I start October 1. The yard is going to grow and grow with the new haunt sign (painting it this weekend) and count down sign from last year going up on Day 1. Then I'll add more and more every day. The house is on a path heavy with school buses, so I will be messing with the kids. I'll move figures just a little bit every day or switch stuff around while they're at school. Anything to get traffic on Halloween night. By the 30, the whole forest will be up with fencing and lights. Then I just need to slide in the theater stuff, signs, and more valuable props for the big night. 

The biggest trick of all? Taking it all down before the buses drive by on November 1.


----------



## Growler (Aug 12, 2008)

LOL, I sooo agree Trent about getting it down the next day. It's not bad if it's the weekend but, I like it almost put away before the children get home from school. Since it's a weekday, I'm stuck doing it myself. Though we rip through most of it that night after the lights go off and put most in the garage. 

I have a lot of stuff that needs upkeep and maintanence this year and I just haven't got to it with the crypt in the yard. At least my new fcg will have a home! I have to do the lettering on my count down clock tomorrow while it rains outside.


----------



## lisa48317 (Jul 23, 2010)

I was informed by the teenager that I was NOT allowed to decorate until after her 14th birthday party which happens to be this weekend (9/24-9/25).  But if you look closely, there are items here & there around the house. The gargoyle on top of the grandfather clock and one outside the back door. The skeleton cupid on the shelf in the living room, etc. 
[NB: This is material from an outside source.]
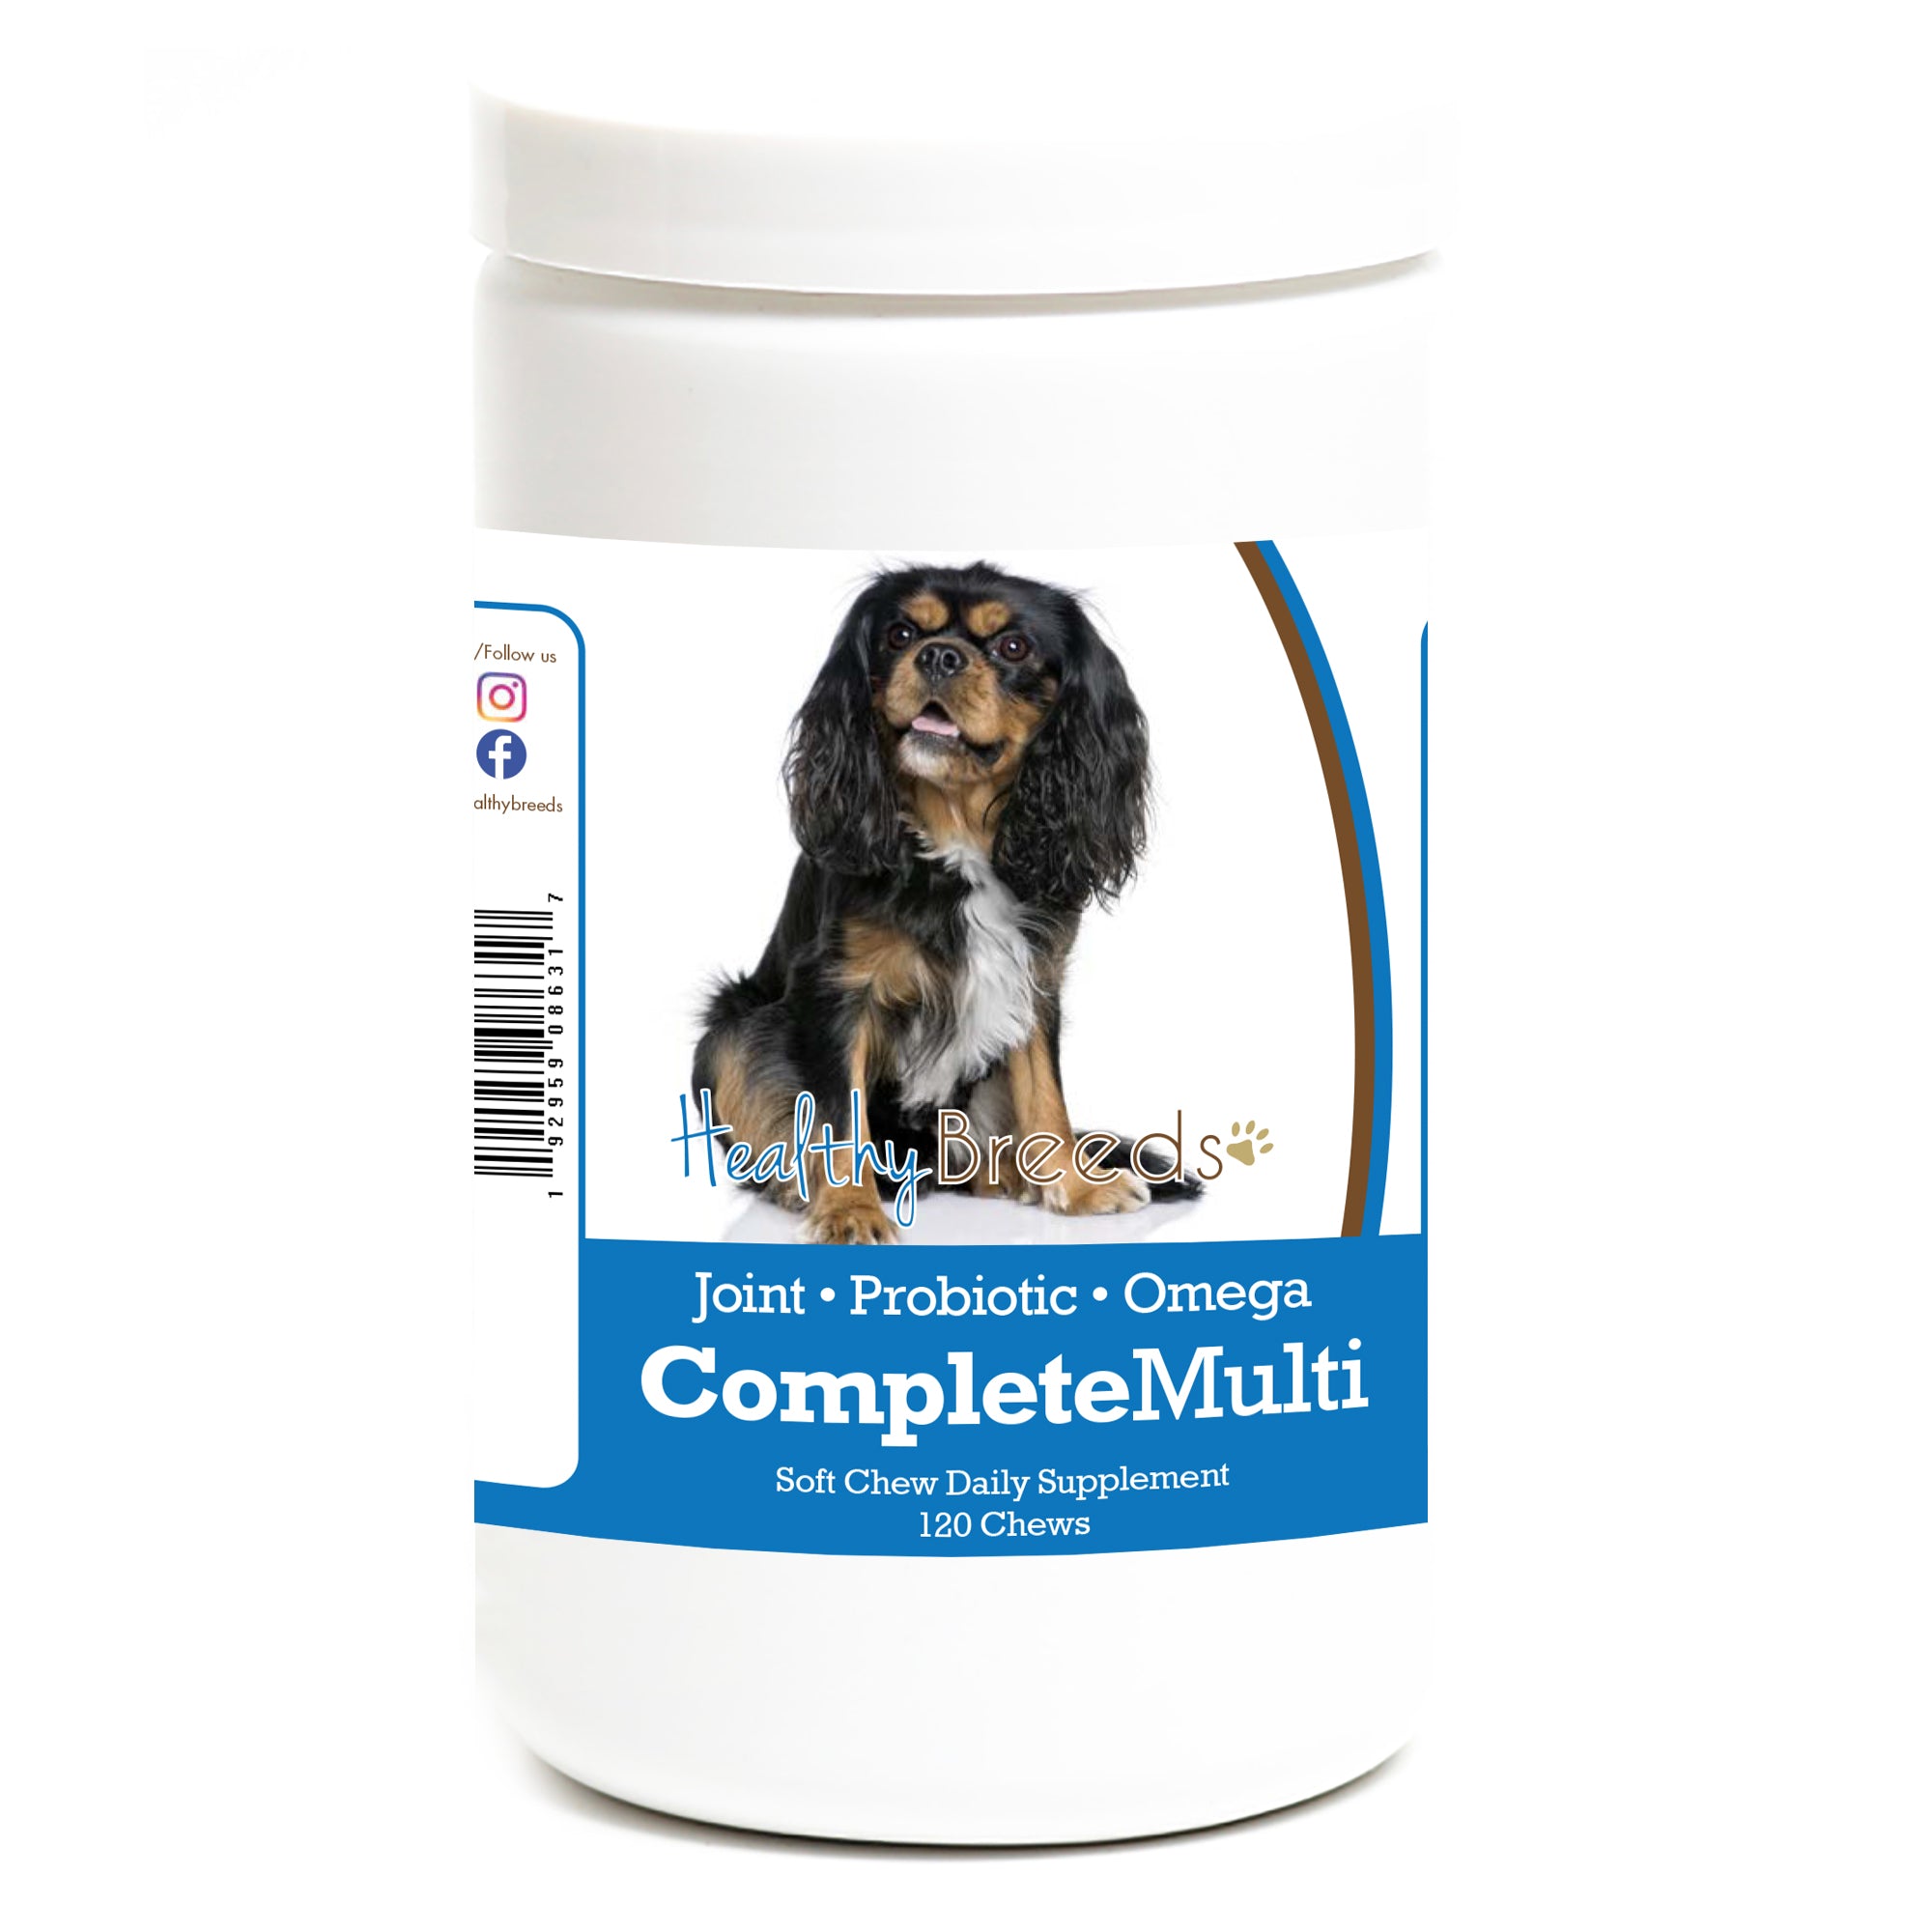 Cavalier King Charles Spaniel All In One Multivitamin Soft Chew 120 Count
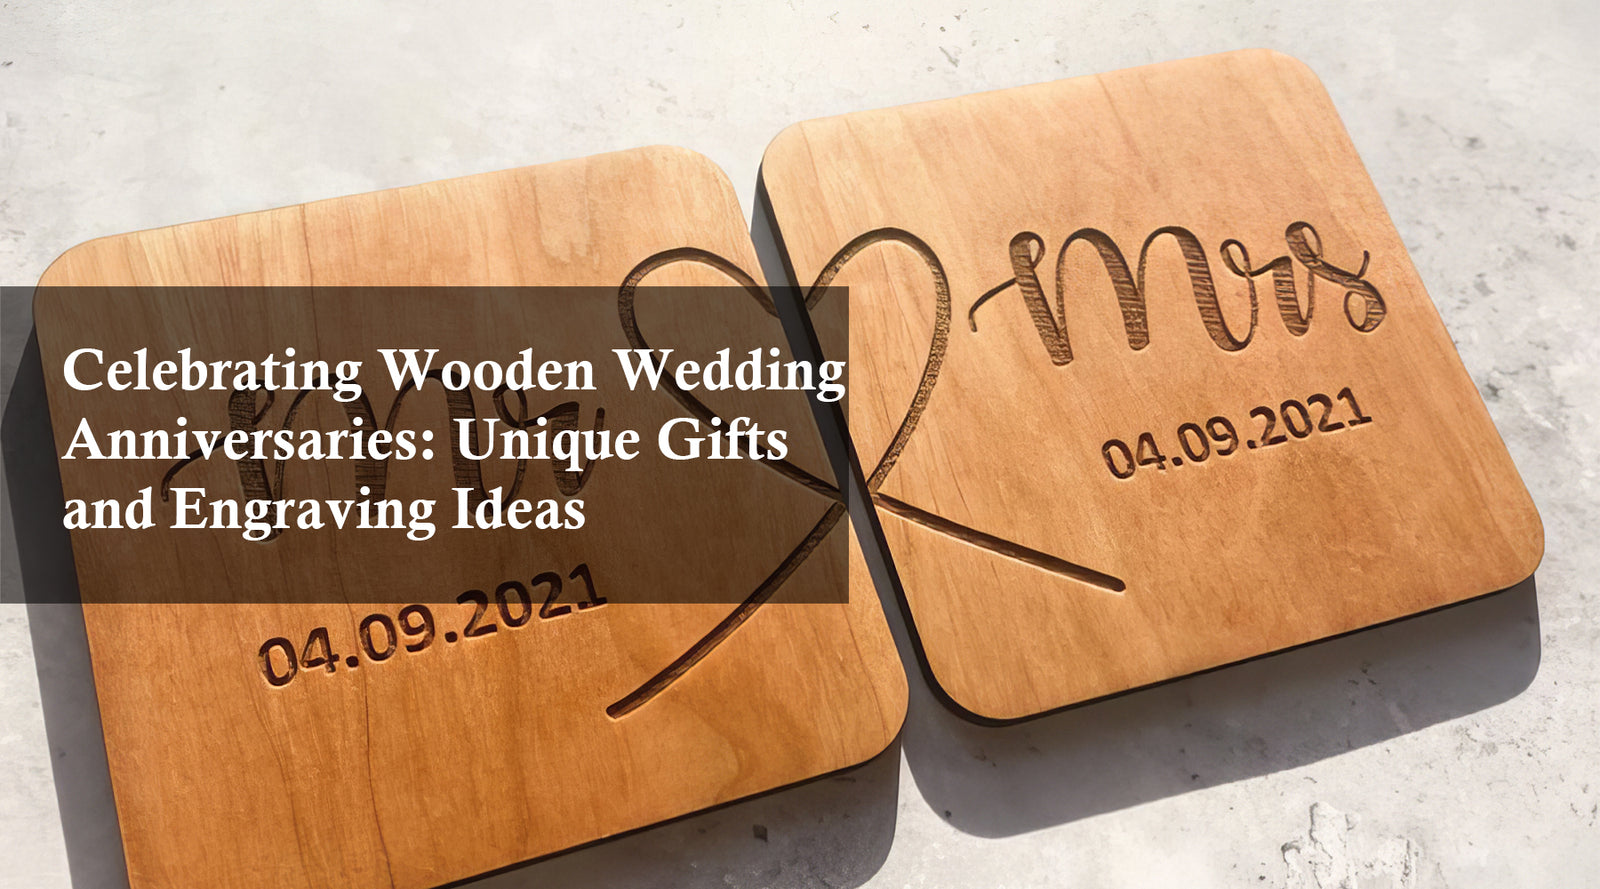 Celebrating Wooden Wedding Anniversaries: Unique Gifts and Engraving Ideas

But all of my orange & black totes are sitting in the front of the garage, ready to spread their joy all over!!


----------



## ondeko (Oct 14, 2008)

I'm having open studio days on Sept 30/Oct 1 so I can't even work on props until after that weekend. I generally don't set up much more than one scarecrow before 10/31 because the wind can get pretty bad in late October and i hate picking props up off the street. The 10 year old next door finally wore his parents down and put up a small graveyard yesterday--he spent about 6 hours trying to get it perfect while his younger siblings "helped". Apparently he has been asking his parents every day since Labor Day when i'm going to decorate.


----------



## Lil Ghouliette (Nov 5, 2010)

Ghouliet & I officially started the exterior today with the help of Mr. Lil Ghouliette (aka: my boyfriend). He was a trooper. He has blisters on his fingers now.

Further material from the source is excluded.